USDA: Soybean acres top expectations by 1.4 million acres, corn acres come in near the bottom of expectations, and long grain rice acres forecast down more than 21% from last year.
Soybeans: Today’s perspective planting report forecast soybean planted acres to increase a whopping 7.29% from last year. This increase was almost 1.4 million acres higher than the trade expected. While acres are up significantly, this year’s trend yield is some 4.1 bushels per acre less than last year’s record, which causes production to be down slightly from last year. While marginal increase in demand forecast by the USDA in January, this demand will not be enough at this acreage level, and will cause stocks will swell to over 500 million bushels. Today’s stocks report adds more bearish pressure to prices, as March 1 stocks are estimated at 1.7347 billion bu, which beat trade expectations by 55.7 million bu.
Rice: Long grain rice acres are forecast to decline 21.8% from last year. The sharp decline in acres combined with a trend yield of 165 bu/acre leads to a production decline of 24.5 million cwt from last year. Based on the USDA preliminary demand forecast in January this this production level should bring stocks down significantly from their high levels in 2016/17.

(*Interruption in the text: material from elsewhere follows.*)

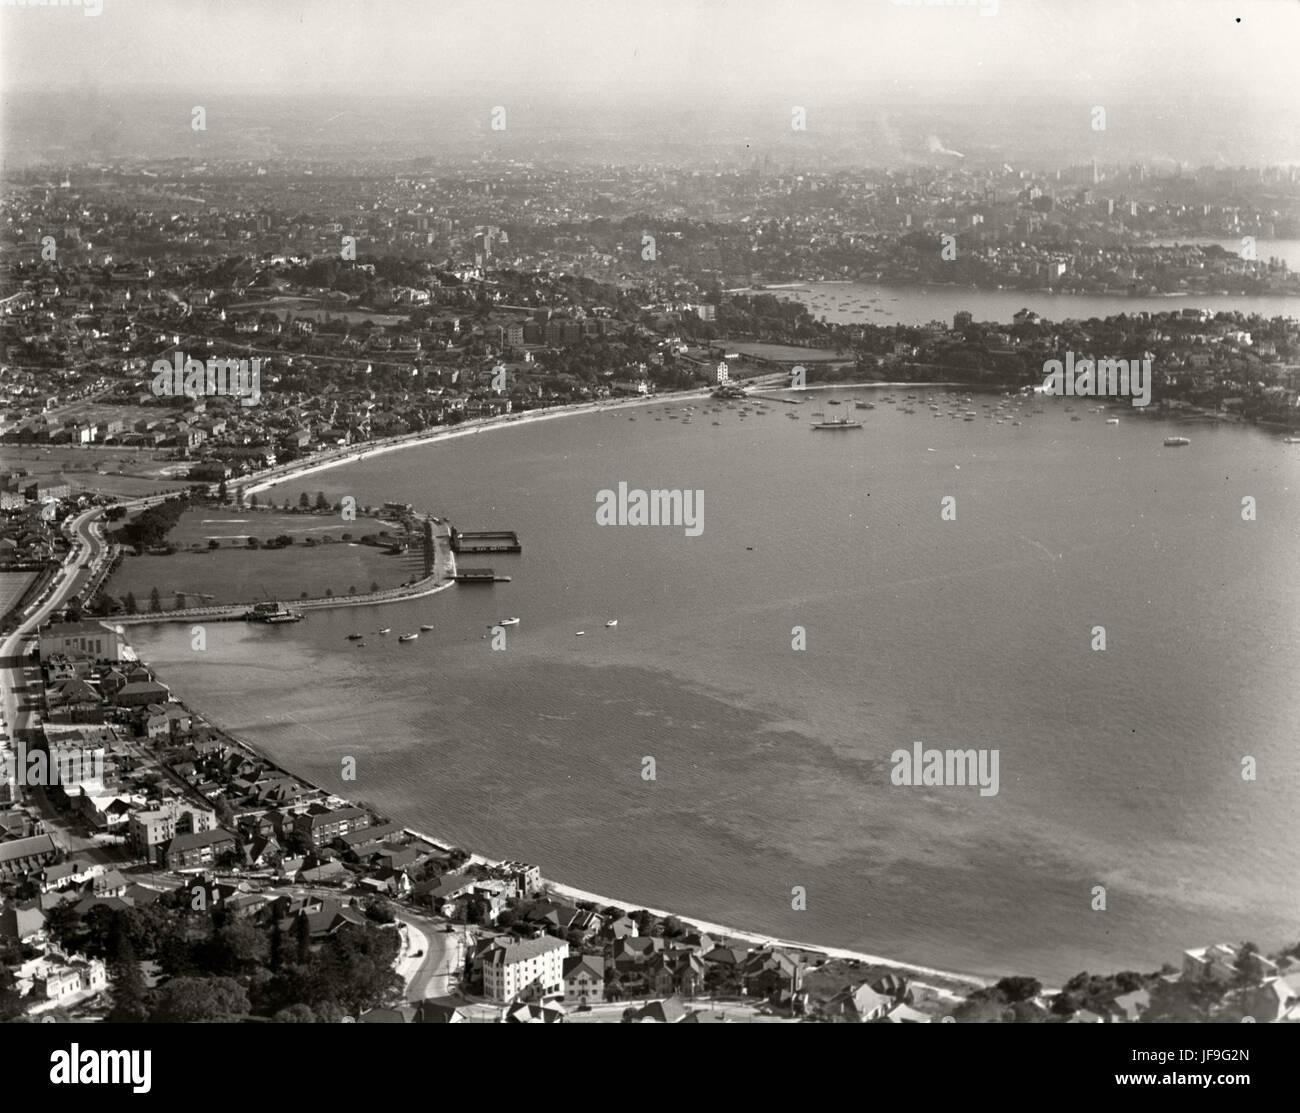 Rose Bay - 2 Aug 1937 30271784885 o - Stock Image

Corn: Corn acres are projected to decline 4.26% from last year. Today’s forecast of 89.996 million was near the low end of trade estimates. While the decline in acres is forecast to reduce production more than a billion bu this year, stocks remain burdensome at more than 2 billion bu, based on the demand forecast the USDA presented at the January Outlook Forum. While today’s stocks report shows corn use slower than the trade expected, the news for the near term will be the lower acreage number. Longer term though, demand will need to pick up to help prevent losses in corn.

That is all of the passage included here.